1.  insert a key k to a empty tree, then the tree become a tree with 

only one node; 

2.  insert a key k to a nonempty tree, if k is less than the root ,insert 

it to the left sub-tree;else insert k to the right sub-tree. 

We call the order of keys we insert “the order of a tree”,your task is,given a oder of a tree, find the order of a tree with the least lexicographic order that generate the same tree.Two trees are the same if and only if they have the same shape. 
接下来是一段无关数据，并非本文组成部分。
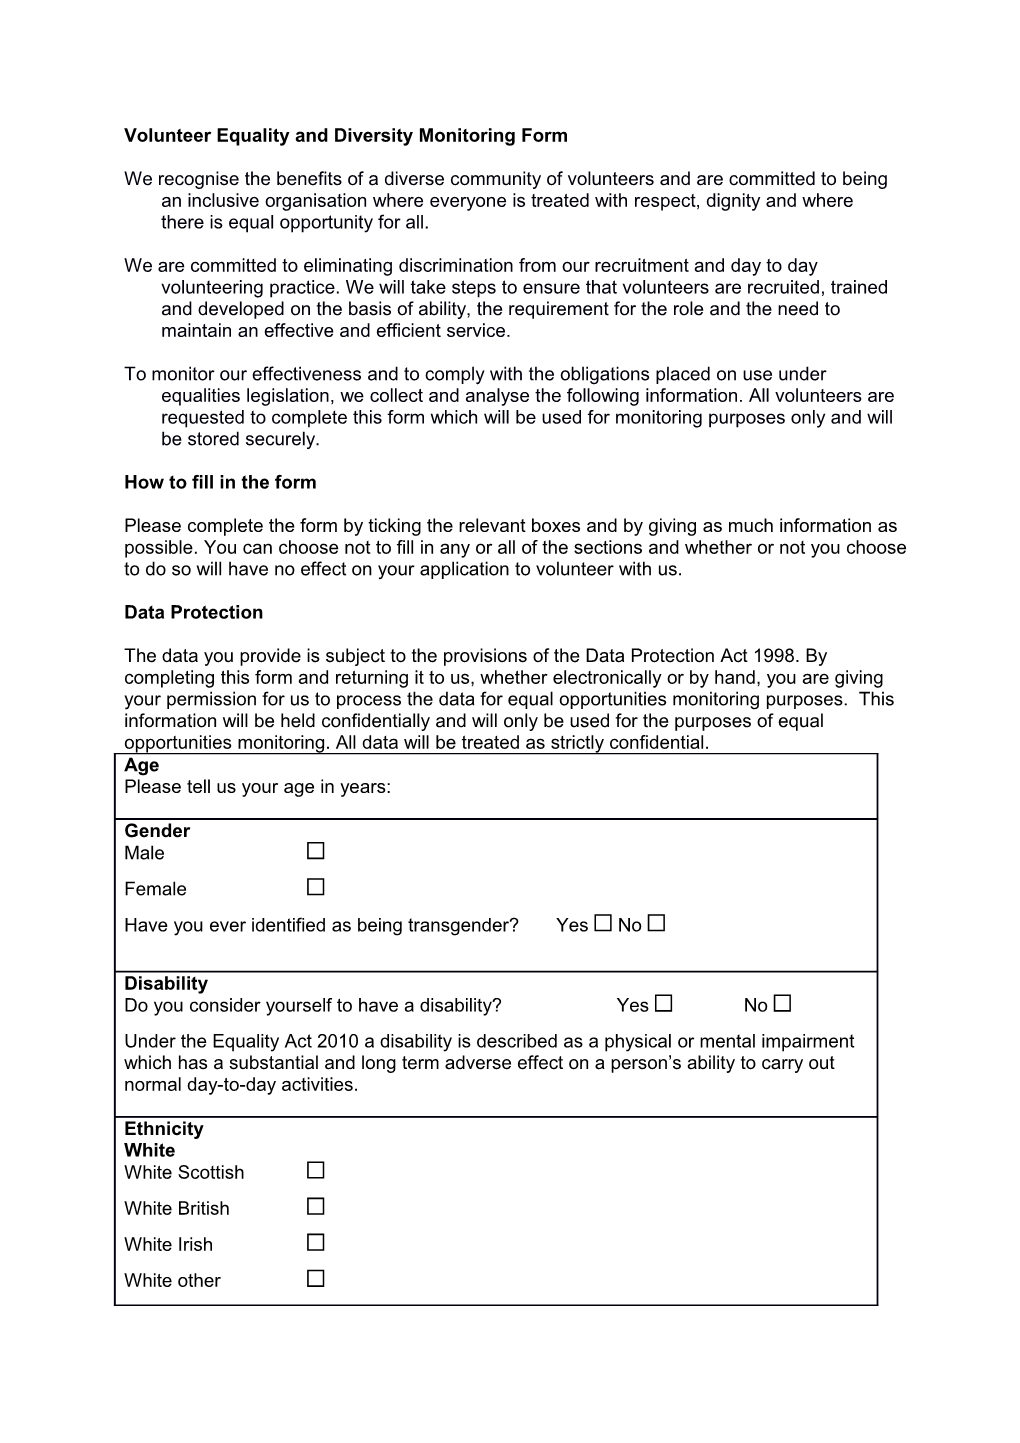 Volunteer Equality and Diversity Monitoring Form

InputThere are multiple test cases in an input file. The first line of each testcase is an integer n(n <= 100,000),represent the number of nodes.The second line has n intergers,k1 to kn,represent the order of a tree.To make if more simple, k1 to kn
is a sequence of 1 to n. 

OutputOne line with n intergers, which are the order of a tree that generate the same tree with the least lexicographic. 

Sample Input

4

1 3 4 2

Sample Output

1 3 2 4

#include<stdio.h>
#include<string.h>
#include<stdlib.h>

typedef struct Tnode
{
int v;
struct Tnode *left,*right;
}Node;//建立结点

Node *Buildtree(Node *root,int n)  //建树
{
if(root==NULL)
{
root=(Node*)malloc(sizeof(Node));
root->v=n;
root->left=root -> right =NULL;
return root;
}
if(root ->v>n)
root -> left= Buildtree(root -> left,n);
else
root -> right=Buildtree(root -> right,n);
return root;              //每次返回头指针，才能进行下一次的比较
}
void DLR(Node *root,int n) //前序遍历
{
if(n!=1)
printf(" %d",root -> v);
else
printf("%d",root->v);
if(root->left!=NULL)
DLR(root->left,2);
if(root->right!=NULL)
DLR(root->right,2);
}
int main()
{
int n,m,i;
Node *root=NULL;
while(~scanf("%d",&n))
{
for(i=0;i<n;i++)
{
scanf("%d",&m);
root=Buildtree(root,m);
}
DLR(root,1);
printf("\n");
}
return 0;
}